● DATA:
──────────────────────────────
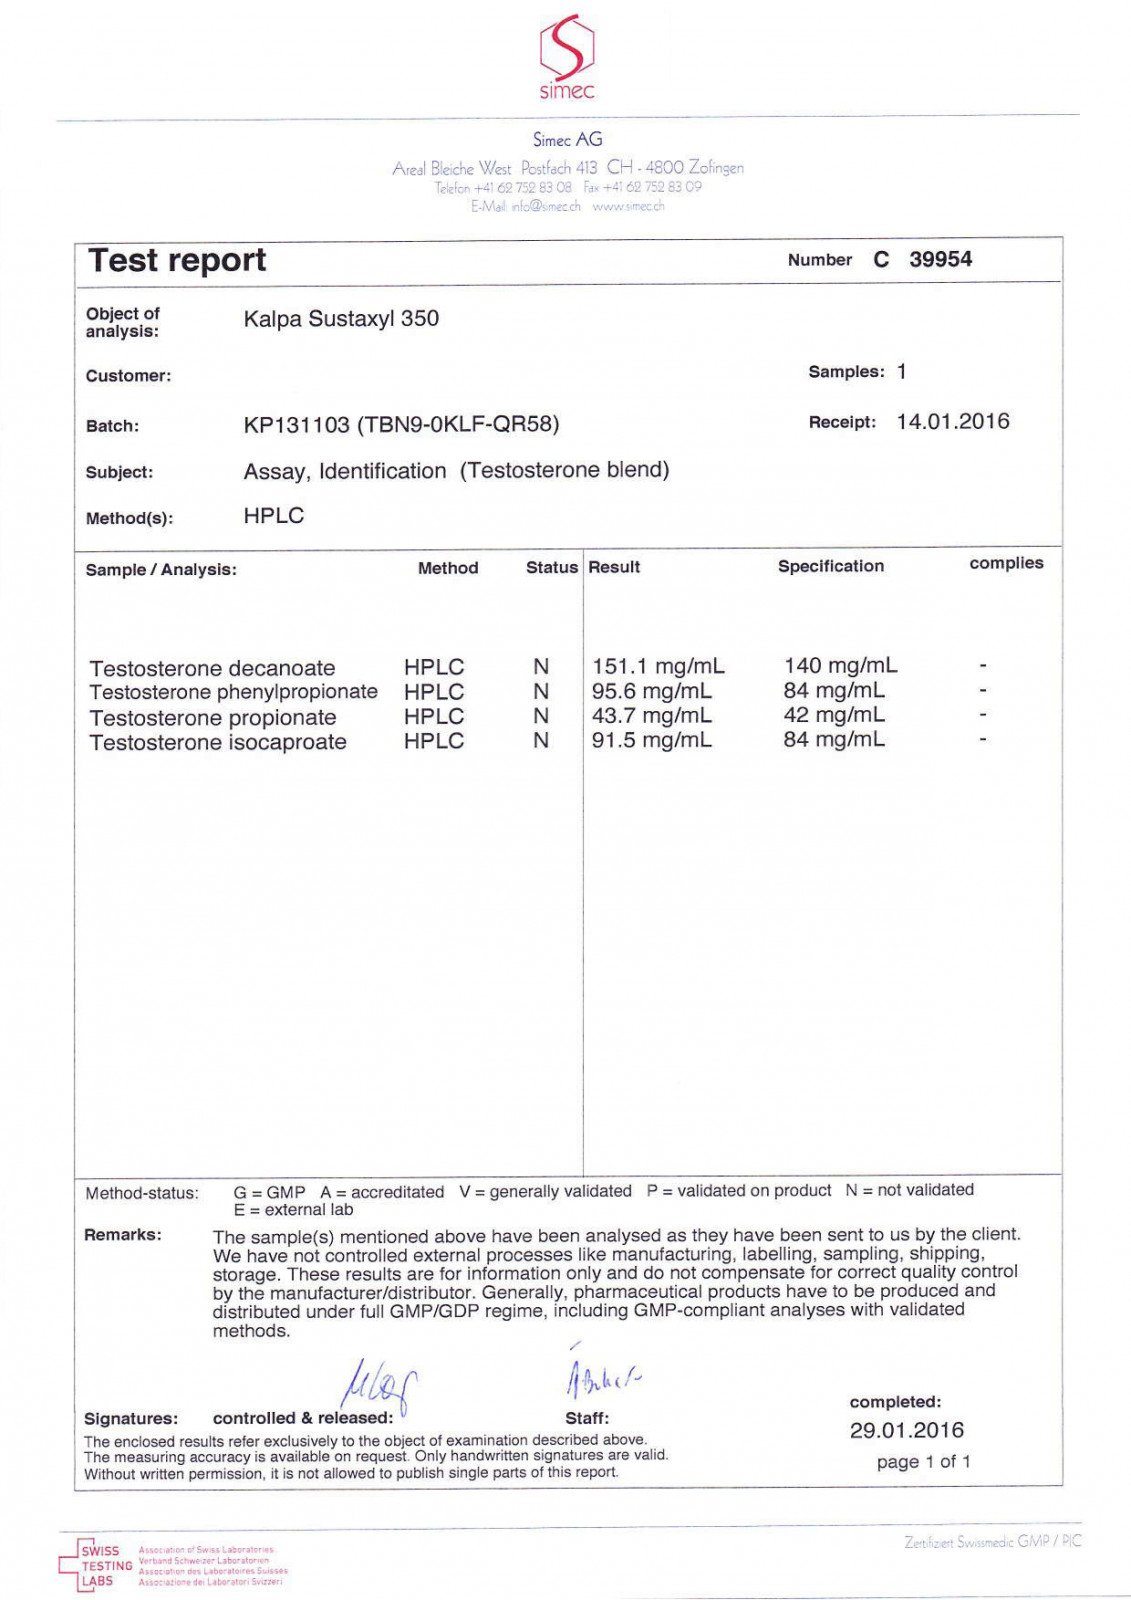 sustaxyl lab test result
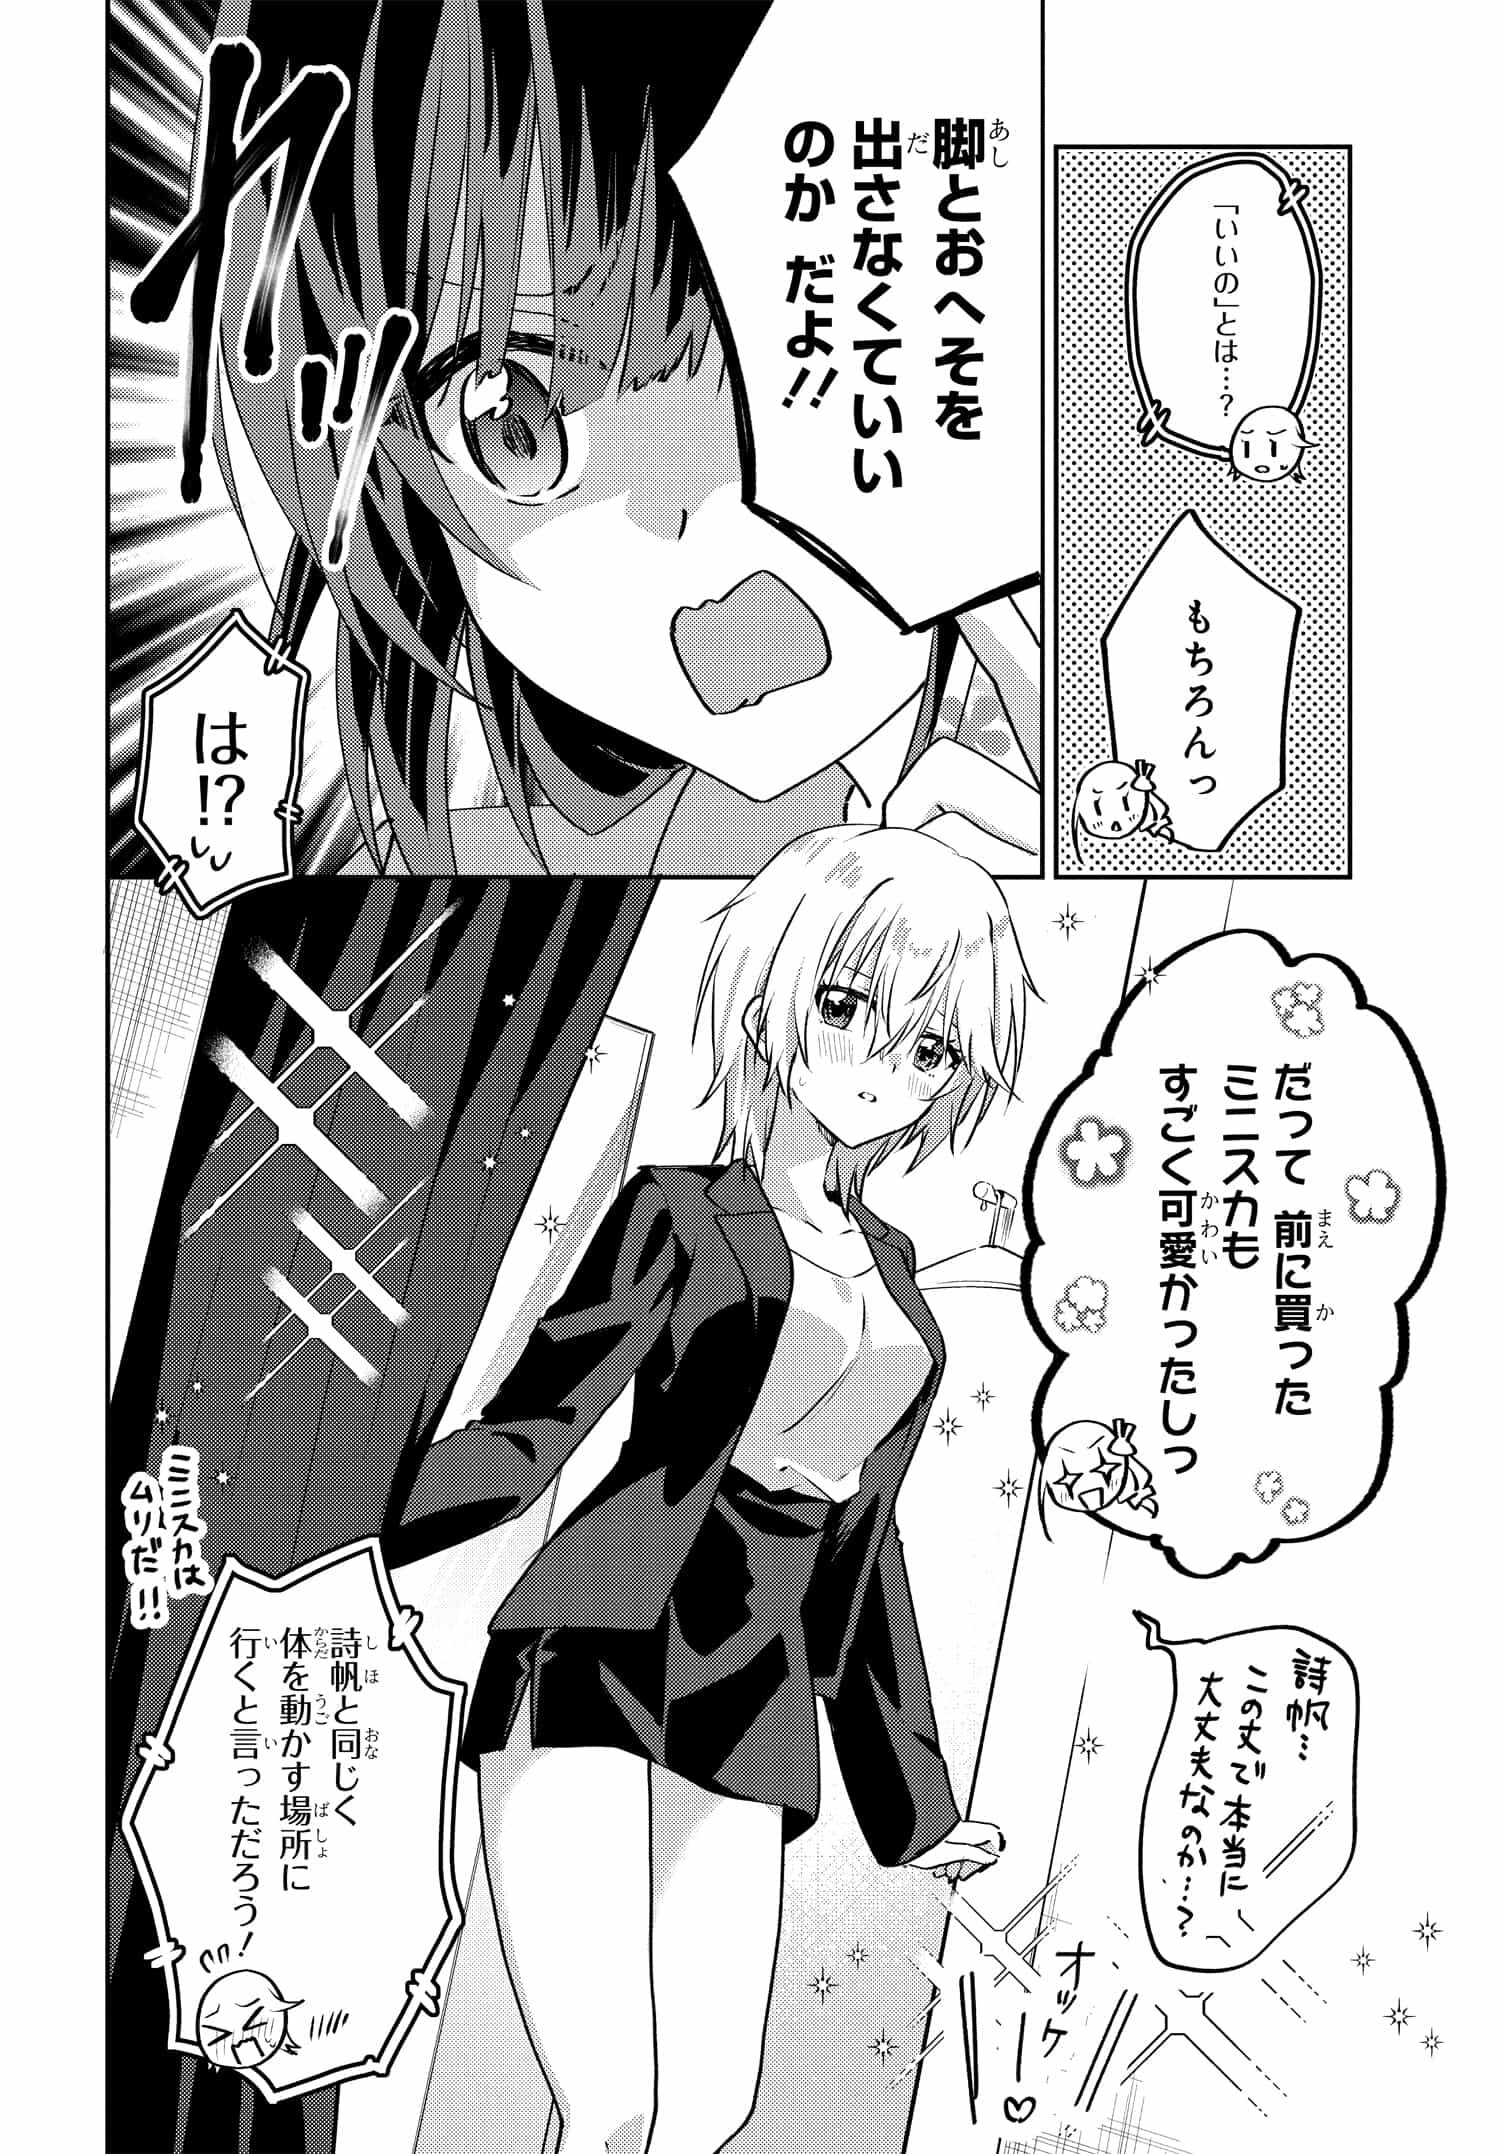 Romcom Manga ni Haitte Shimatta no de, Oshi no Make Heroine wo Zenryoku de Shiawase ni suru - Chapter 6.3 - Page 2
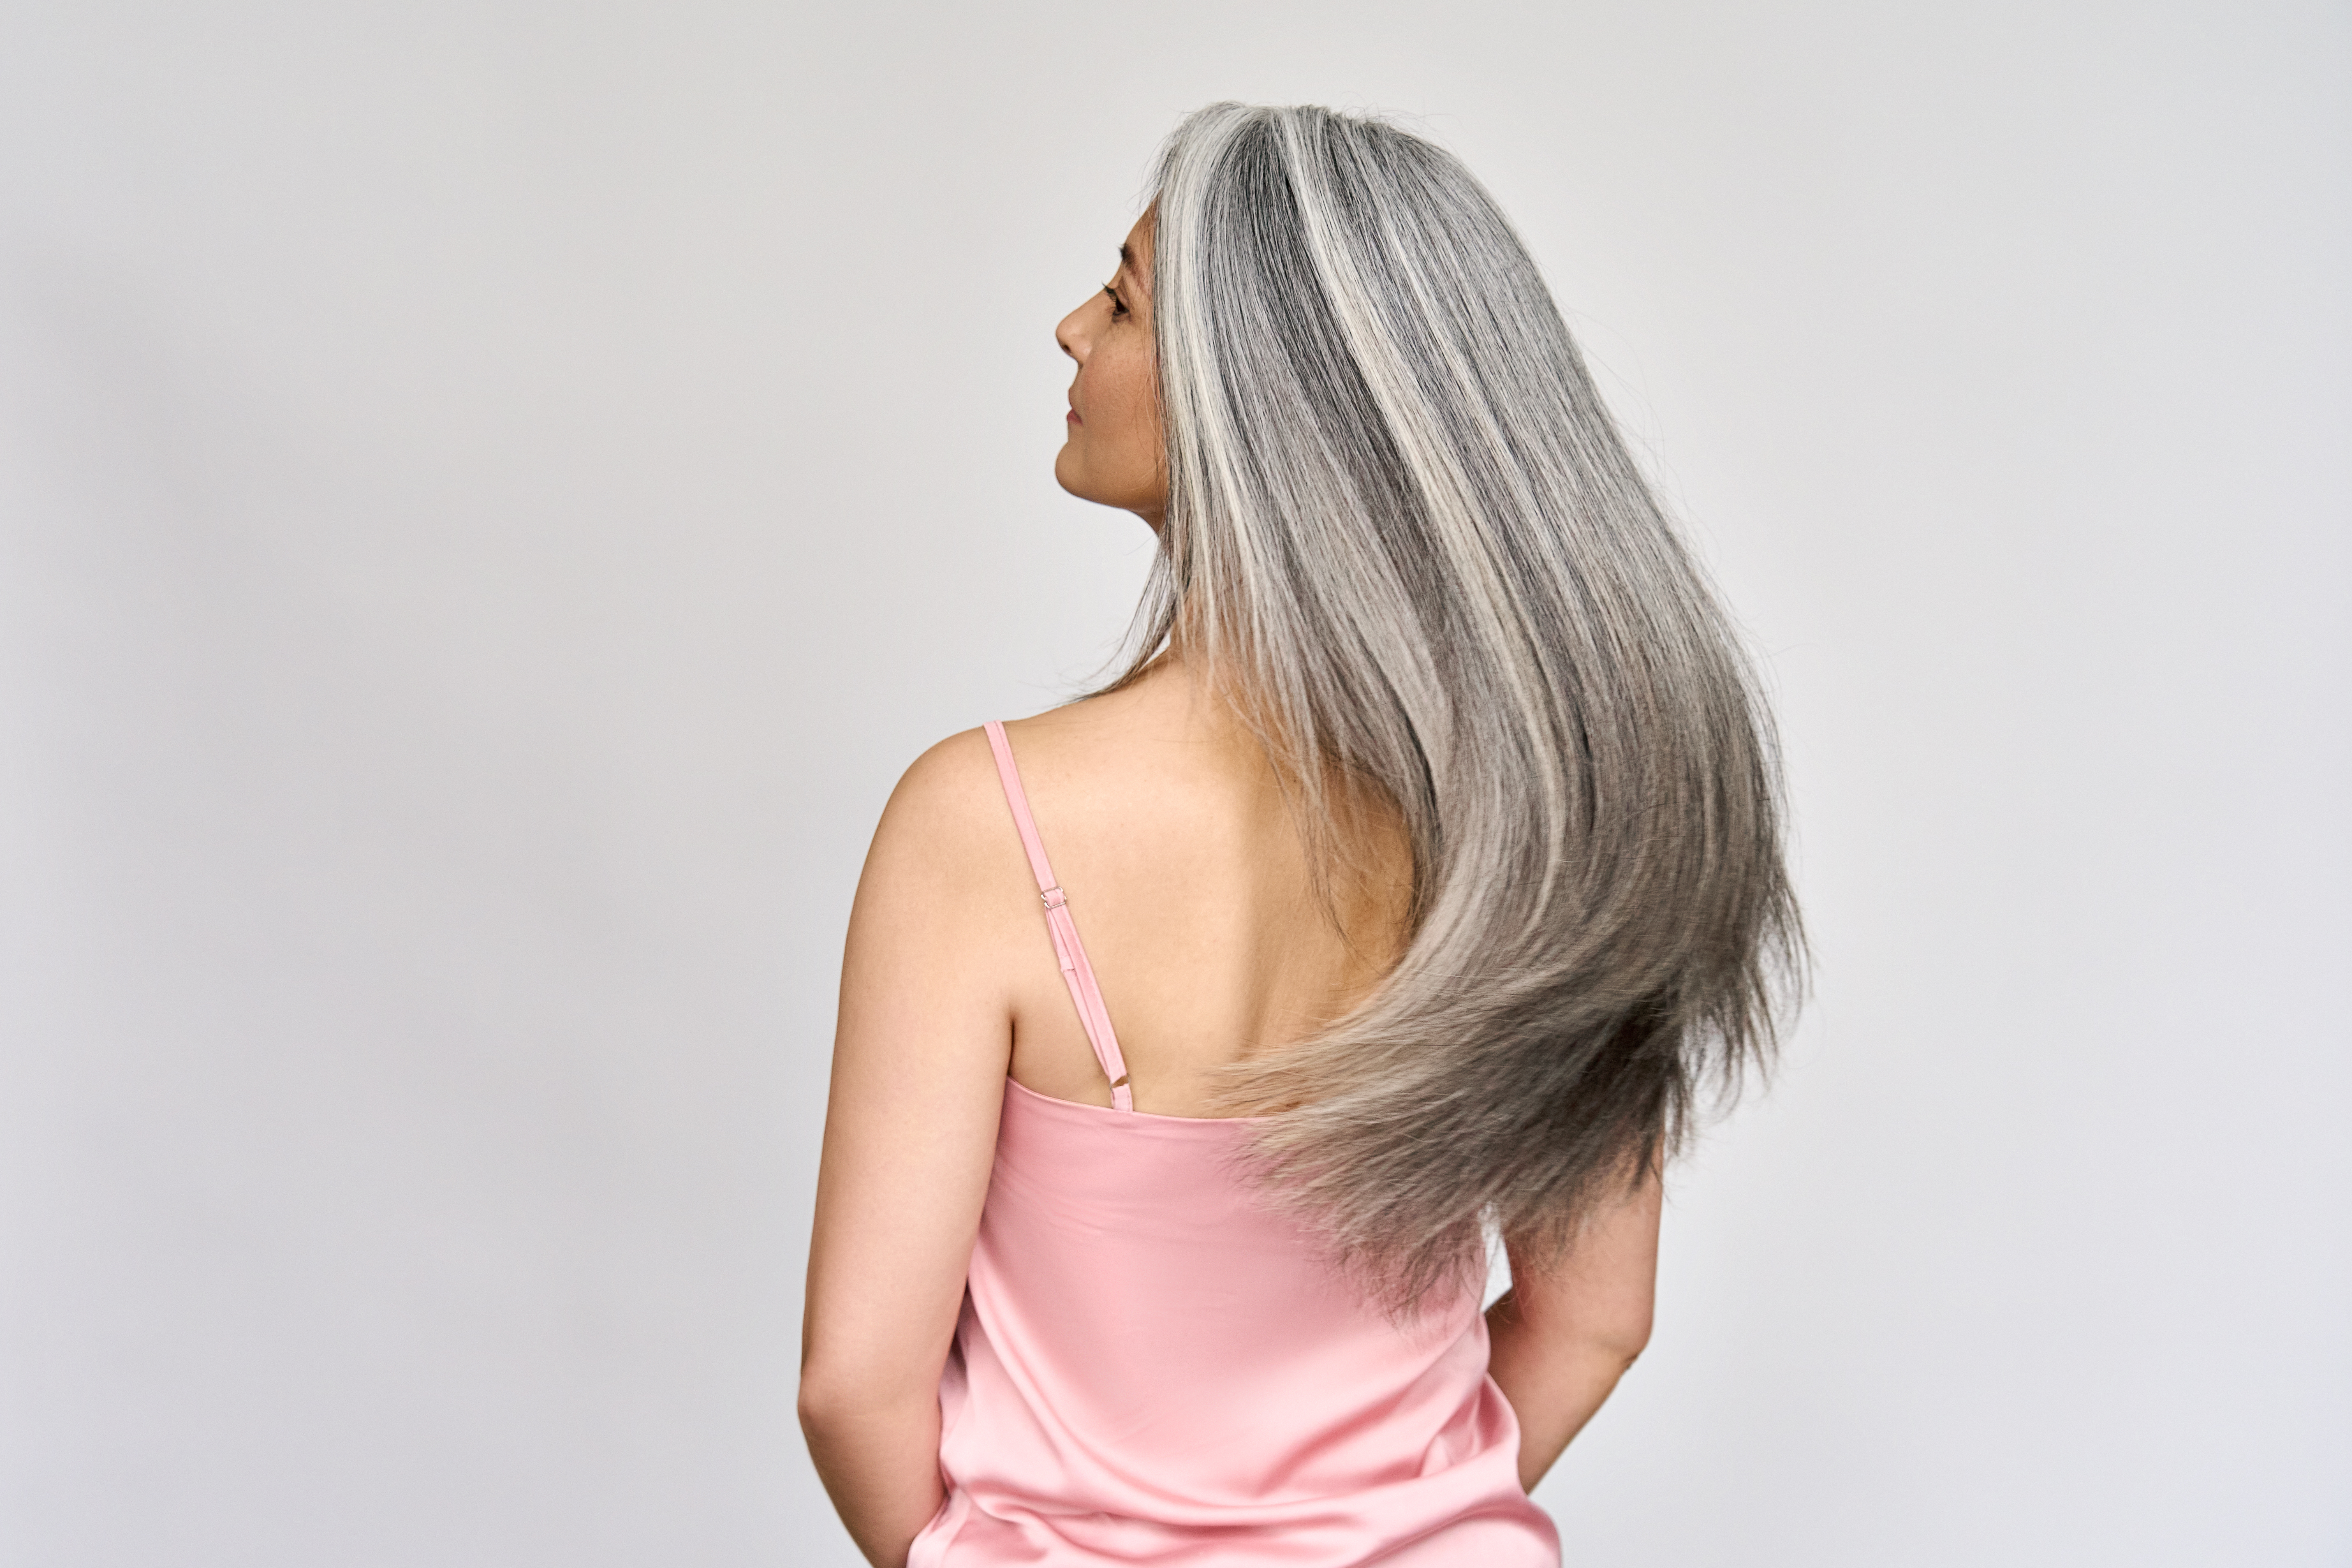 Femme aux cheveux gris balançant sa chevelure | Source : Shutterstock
──────────────────────────────
● EXERCISE OBJECTIVE: Set the pictures aside and transcribe the data above exactly.

● RESPONSE:
 sustaxyl lab test result
 Romcom Manga ni Haitte Shimatta no de, Oshi no Make Heroine wo Zenryoku de Shiawase ni suru - Chapter 6.3 - Page 2
 Femme aux cheveux gris balançant sa chevelure | Source : Shutterstock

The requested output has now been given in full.